The Man in Grey is a 1943 British film melodrama made by Gainsborough Pictures; it is considered to be the first of a series of period costume dramas now known as the "Gainsborough melodramas".  It was directed by Leslie Arliss and produced by Edward Black from a screenplay by Arliss and Margaret Kennedy that was adapted by Doreen Montgomery from the 1941 novel The Man in Grey by Eleanor Smith. The film's sets were designed by Walter Murton.

The picture stars Margaret Lockwood, Phyllis Calvert, James Mason, Stewart Granger and Martita Hunt. It melds elements of the successful "women's pictures" of the time with distinctive new elements.

Plot
In London, in 1943, a Wren (Phyllis Calvert) and an RAF pilot (Stewart Granger) meet at an auction of the Rohan estate, now being sold off because the last male heir died at Dunkirk. The gems of the auction are two portraits, one of the 8th Marquis of Rohan, known as The Man in Grey, and one of his wife, Clarissa, a famous Regency beauty, with their son. Trying to make conversation with the Wren, the pilot wonders what the Rohans did to deserve all this wealth, then shows her a ring with the family crest. He bids on a Georgian trinket box that belonged to Clarissa, Marquess of Rohan, a gift for his mother, who believes that an ancestor received the ring from his beloved Clarissa. The auction pauses; they agree to return the next day. He is Peter Rokeby. The auctioneer addresses her as Lady Clarissa Rohan, the last of the line. They look over the contents of the box: a fan, a snuff box, a sewing kit, a wooden toy, and a prospectus for Miss Patchett's Establishment for young ladies in Bath. As they leave, the camera zooms in on the paper, then dissolves to a snowman and a bevy of elegant young ladies of long ago—throwing snowballs.

Hesther Shaw (Margaret Lockwood) arrives, in mourning. As a kindness to Hesther's impoverished stepmother, Miss Patchett will prepare her to be a teacher. Hesther is proud and bitter. She resents charity and even kindness. The naive and much-loved Clarissa (Phyllis Calvert) insists on being friends. A fortuneteller tells Clarissa of a prosperous future beside a man in grey, but says that love will come from across the sea. She warns her not to trust women and refuses to say what she sees in Hesther's hand.

Months later, Hesther runs away with a penniless ensign. Miss Patchett forbids mention of her name, and Clarissa, out of loyalty to her friend, leaves the school.

In London, Clarissa's godmother arranges for her to meet the “man in grey” (after his grey clothes), the wealthy Marquess of Rohan (James Mason), a notorious rake, misanthrope and duelist. He marries her to get an heir, and they live separate lives.

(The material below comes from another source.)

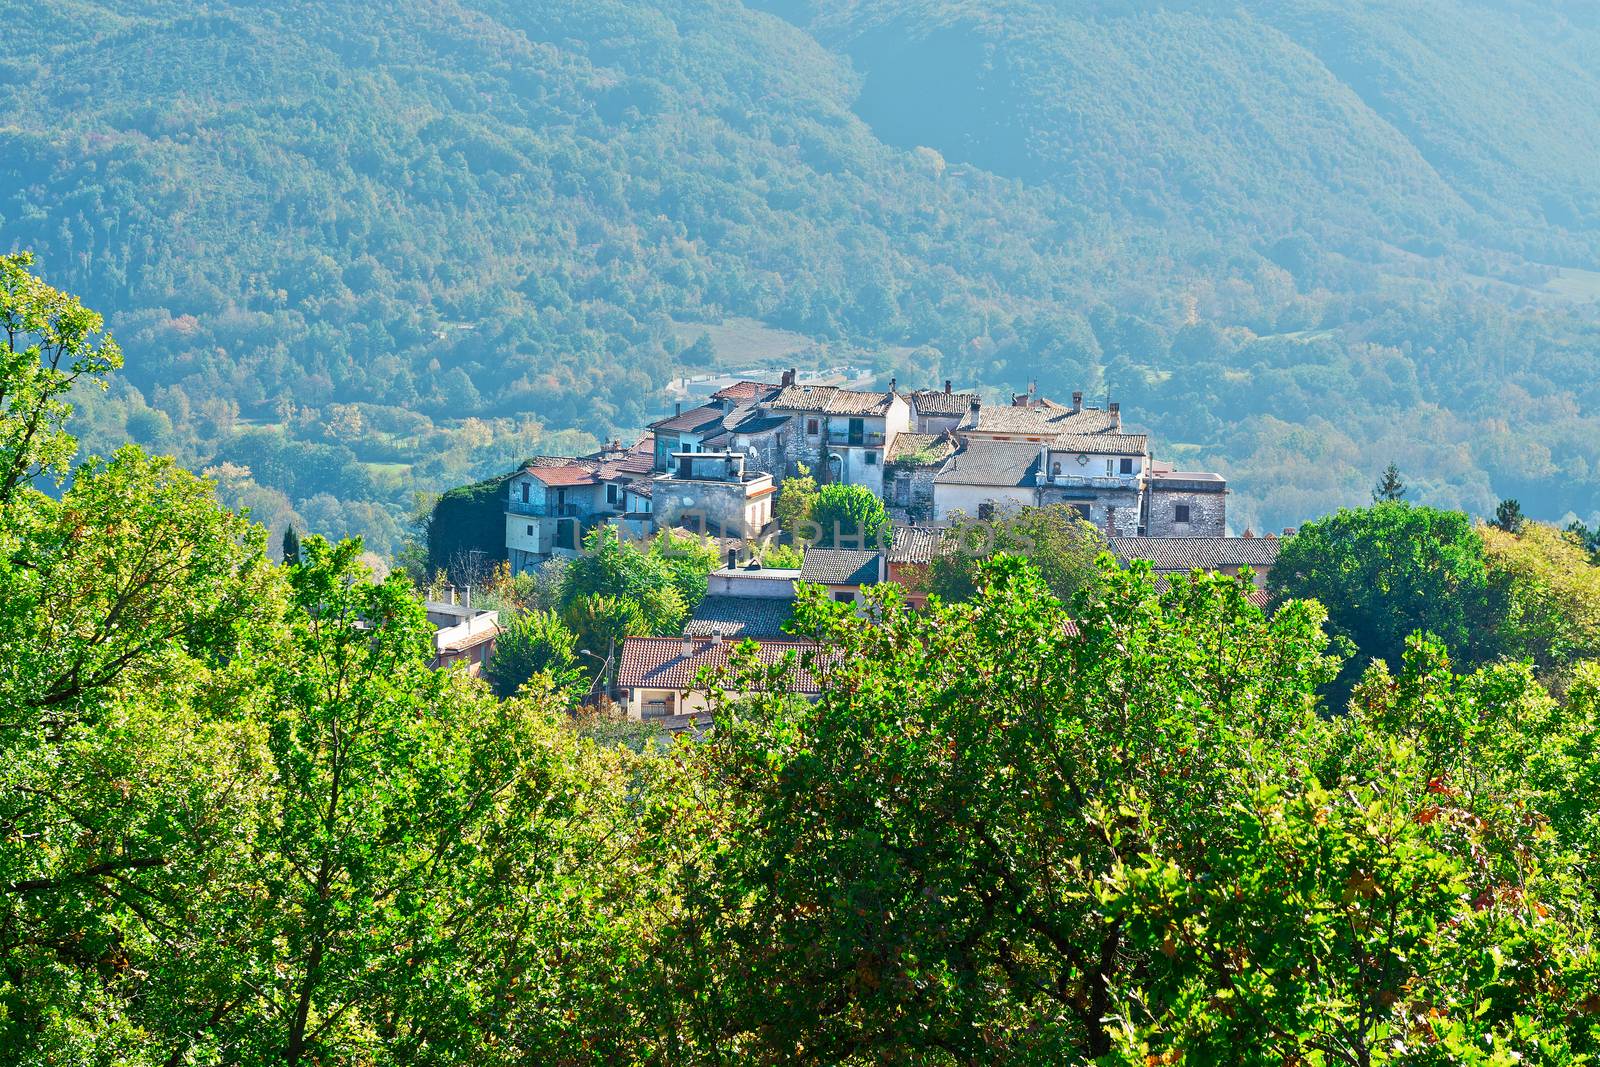 Medieval Italian City on a Hilltop Surrounded by Mountains Covered with Forests

One night, Clarissa rushes to a production of Othello in St Albans, rightly believing that Hesther is playing Desdemona. Her coach is waylaid by a mysterious man (Stewart Granger) who needs a ride. He turns out to be Rokeby, the actor playing Othello. Clarissa invites Hesther to supper after the play and, moved by her sad story, promises to engage her as her son's governess. Lord Rohan invites Hesther to stay on as Clarissa's companion, instead.

Rohan tells Hesther that he knows that she abandoned her husband and left him to die in Fleet Prison. He admires her ruthless ambition, and they become lovers.

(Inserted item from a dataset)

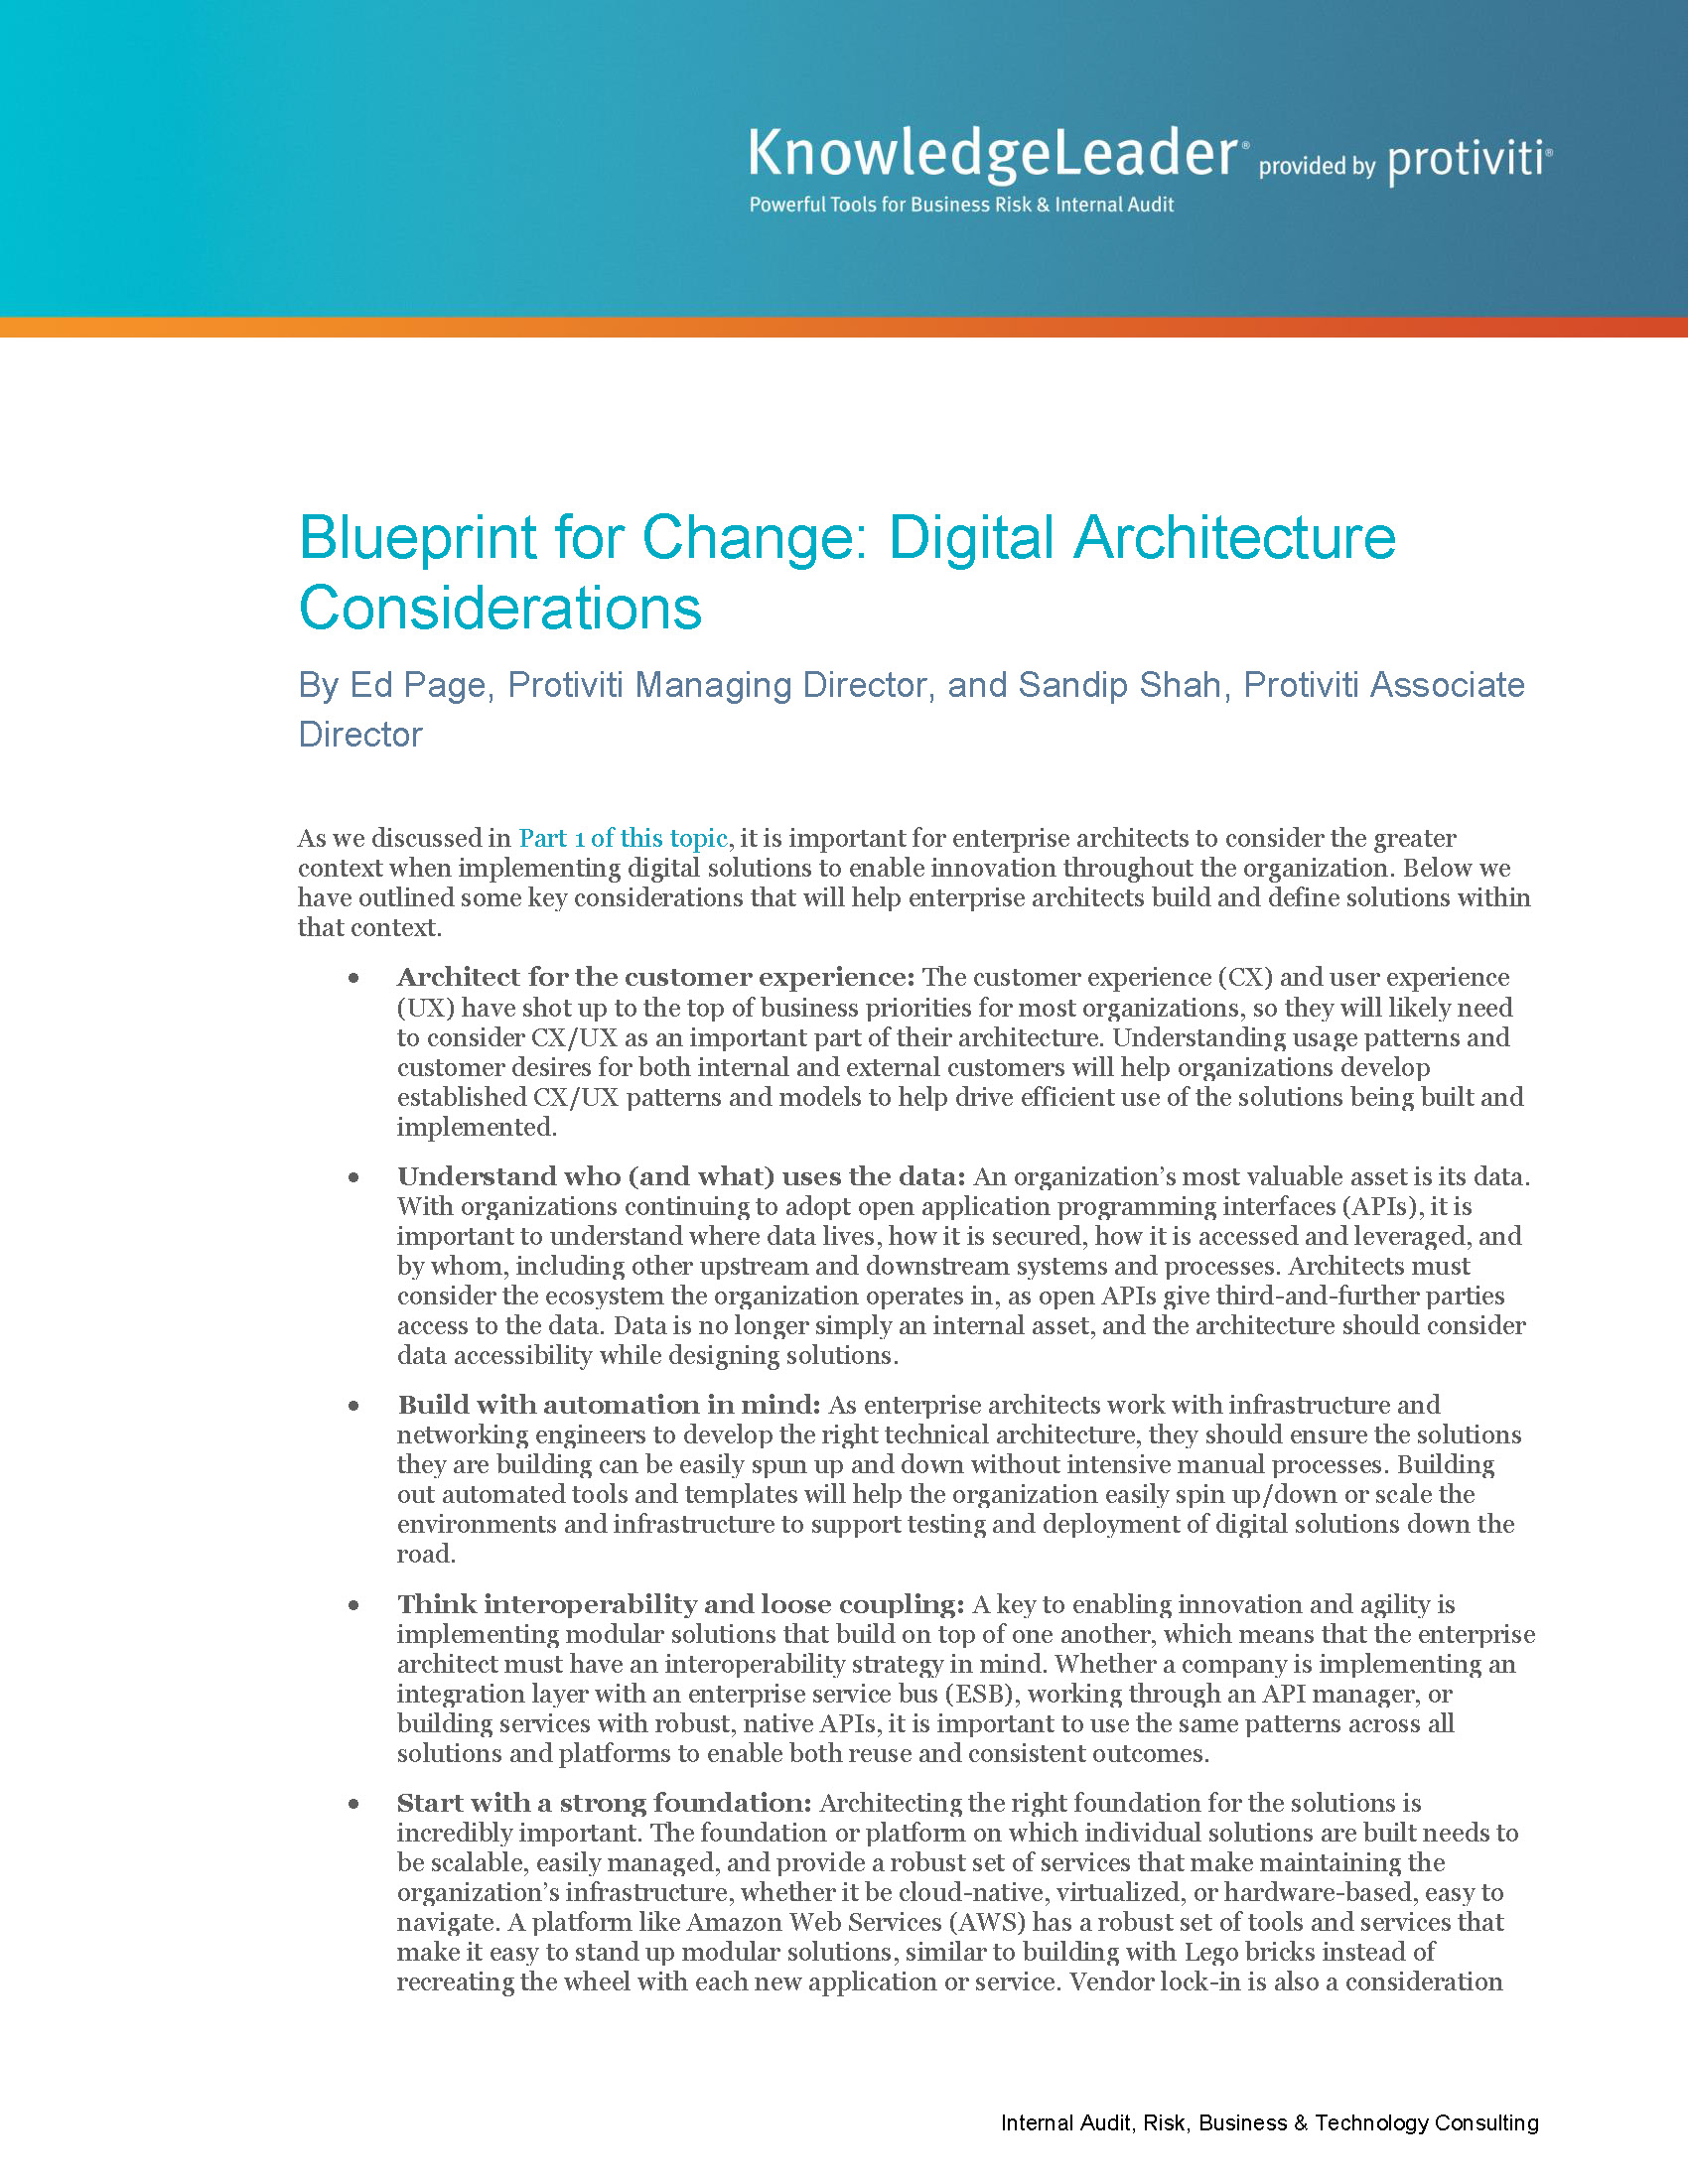 Screenshot of the first page of Blueprint for Change Digital Architecture Considerations

At the Epsom Downs races and fair, Clarissa and Rokeby meet again. He wins the bird toy. They see the fortuneteller, who recognizes Rokeby as Clarissa's future and warns her again about dangerous women.  

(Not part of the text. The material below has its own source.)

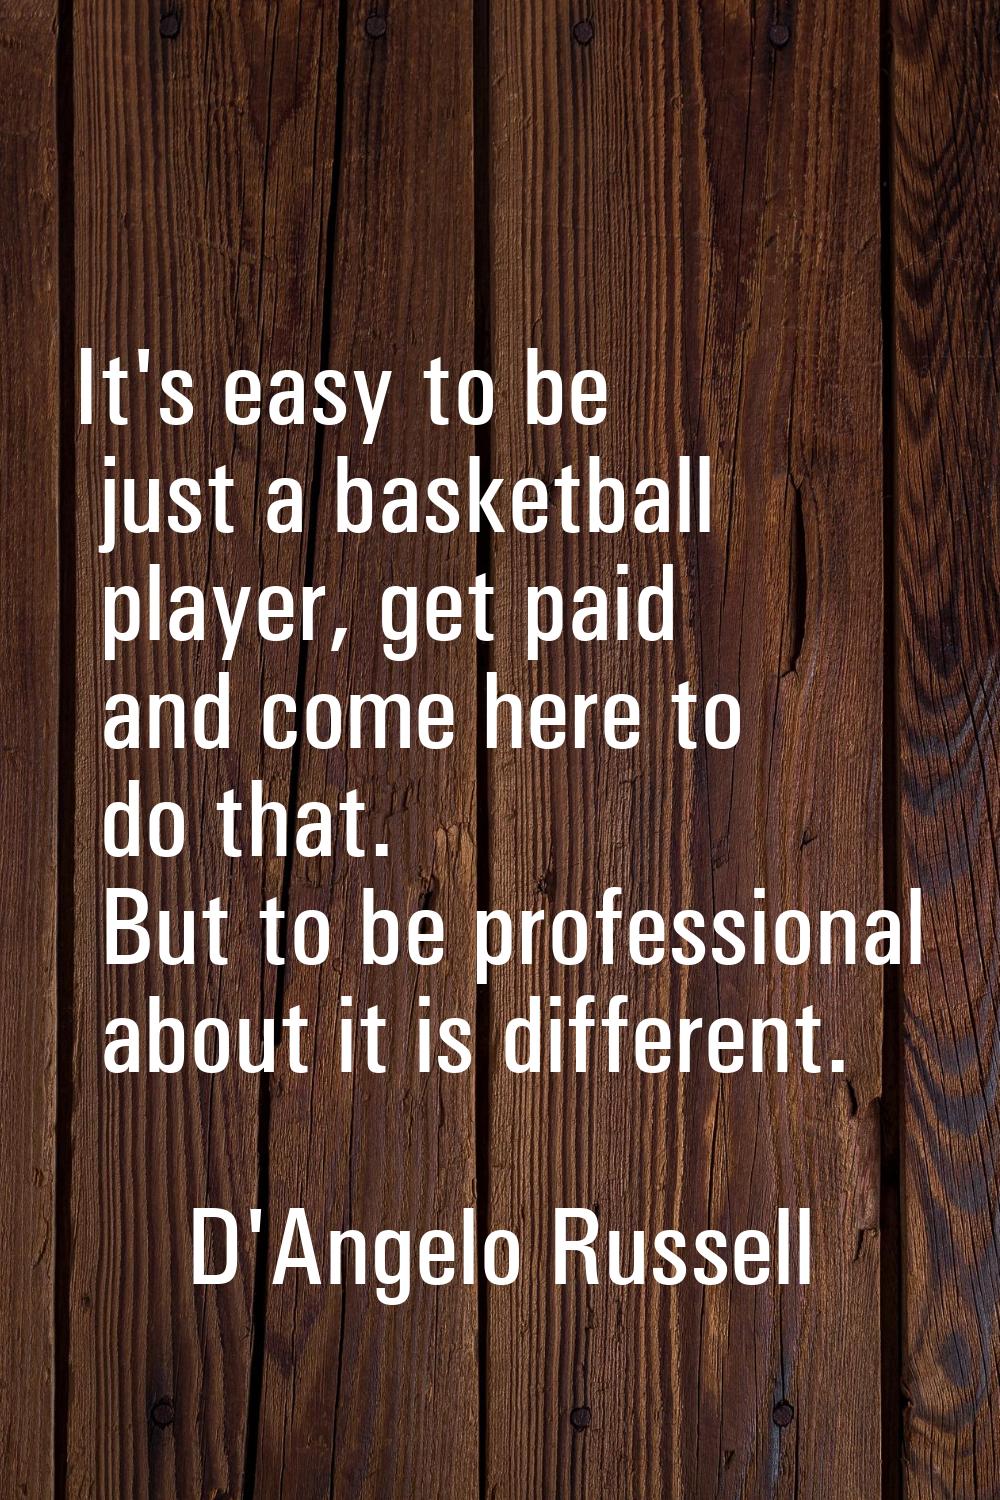 It's easy to be just a basketball player, get paid and come here to do that. But to be professional

Hesther offers Rokeby a position as Rohan's librarian. Rokeby perceives Hesther's plotting, but eventually confesses his love to Clarissa. They plan to elope to Jamaica, where Rokeby will regain his plantation. Rohan confronts them in Vauxhall Gardens, and the ensuing duel is stopped by the Prince Regent. Mrs. Fitzherbert persuades Rokeby to embark alone and wait for Clarissa's friends to insist on a separation. Clarissa pursues him to the port to say farewell. She takes his snuffbox as a memento. She is supposed to take refuge with Lady Marr, but she falls ill and is taken to Rohan's London house. Hesther drugs Clarissa, opens the windows on a storm and damps the fire—ensuring her death.

Rohan agrees to marry Hesther, but Clarissa's faithful page boy, Toby, reveals all to Rohan. Though he did not love her, Clarissa was his wife and a Rohan—so he beats Hesther to death with a cane, again fulfilling the family motto, "Who Dishonours Us, Dies."

In 1943, Peter and Clarissa are too late to buy the box, but they do not care. Hand in hand, they run toward a London bus and the future.

Cast
 Margaret Lockwood ... Hesther
 Phyllis Calvert ... Clarissa (19th century, and present day)
 James Mason ... Lord Rohan
 Stewart Granger ... Rokeby (19th century, and present day)
 Antony Scott (as Harry Scott) ... Toby
 Martita Hunt ... Miss Patchett
 Helen Haye ... Lady Rohan
 Beatrice Varley ... Gipsy
 Raymond Lovell ... The Prince Regent
 Nora Swinburne ... Mrs. Fitzherbert

Production

Original novel
The novel was published in 1941. The New York Times thought it was old fashioned but enjoyed the depiction of the era saying it created a "lively scene for a sad story." The book was a best seller in the US, selling more than 100,000 copies in 1942.

Casting
Margaret Lockwood later wrote that when she heard about the project, she read the novel and thought she would be ideal for the role of Clarissa. She was not pleased to be cast as Hesther, writing in her memoirs, "true, I had played that unpleasant little piece in The Stars Look Down after many misgivings. But Hesther was a different matter. She was downright wicked." She says she was persuaded by Carol Reed's advice to not "bother about the number of pages in a part, but think about the motivation." Lockwood "didn't like the motivation - but it was a 'meaty' part."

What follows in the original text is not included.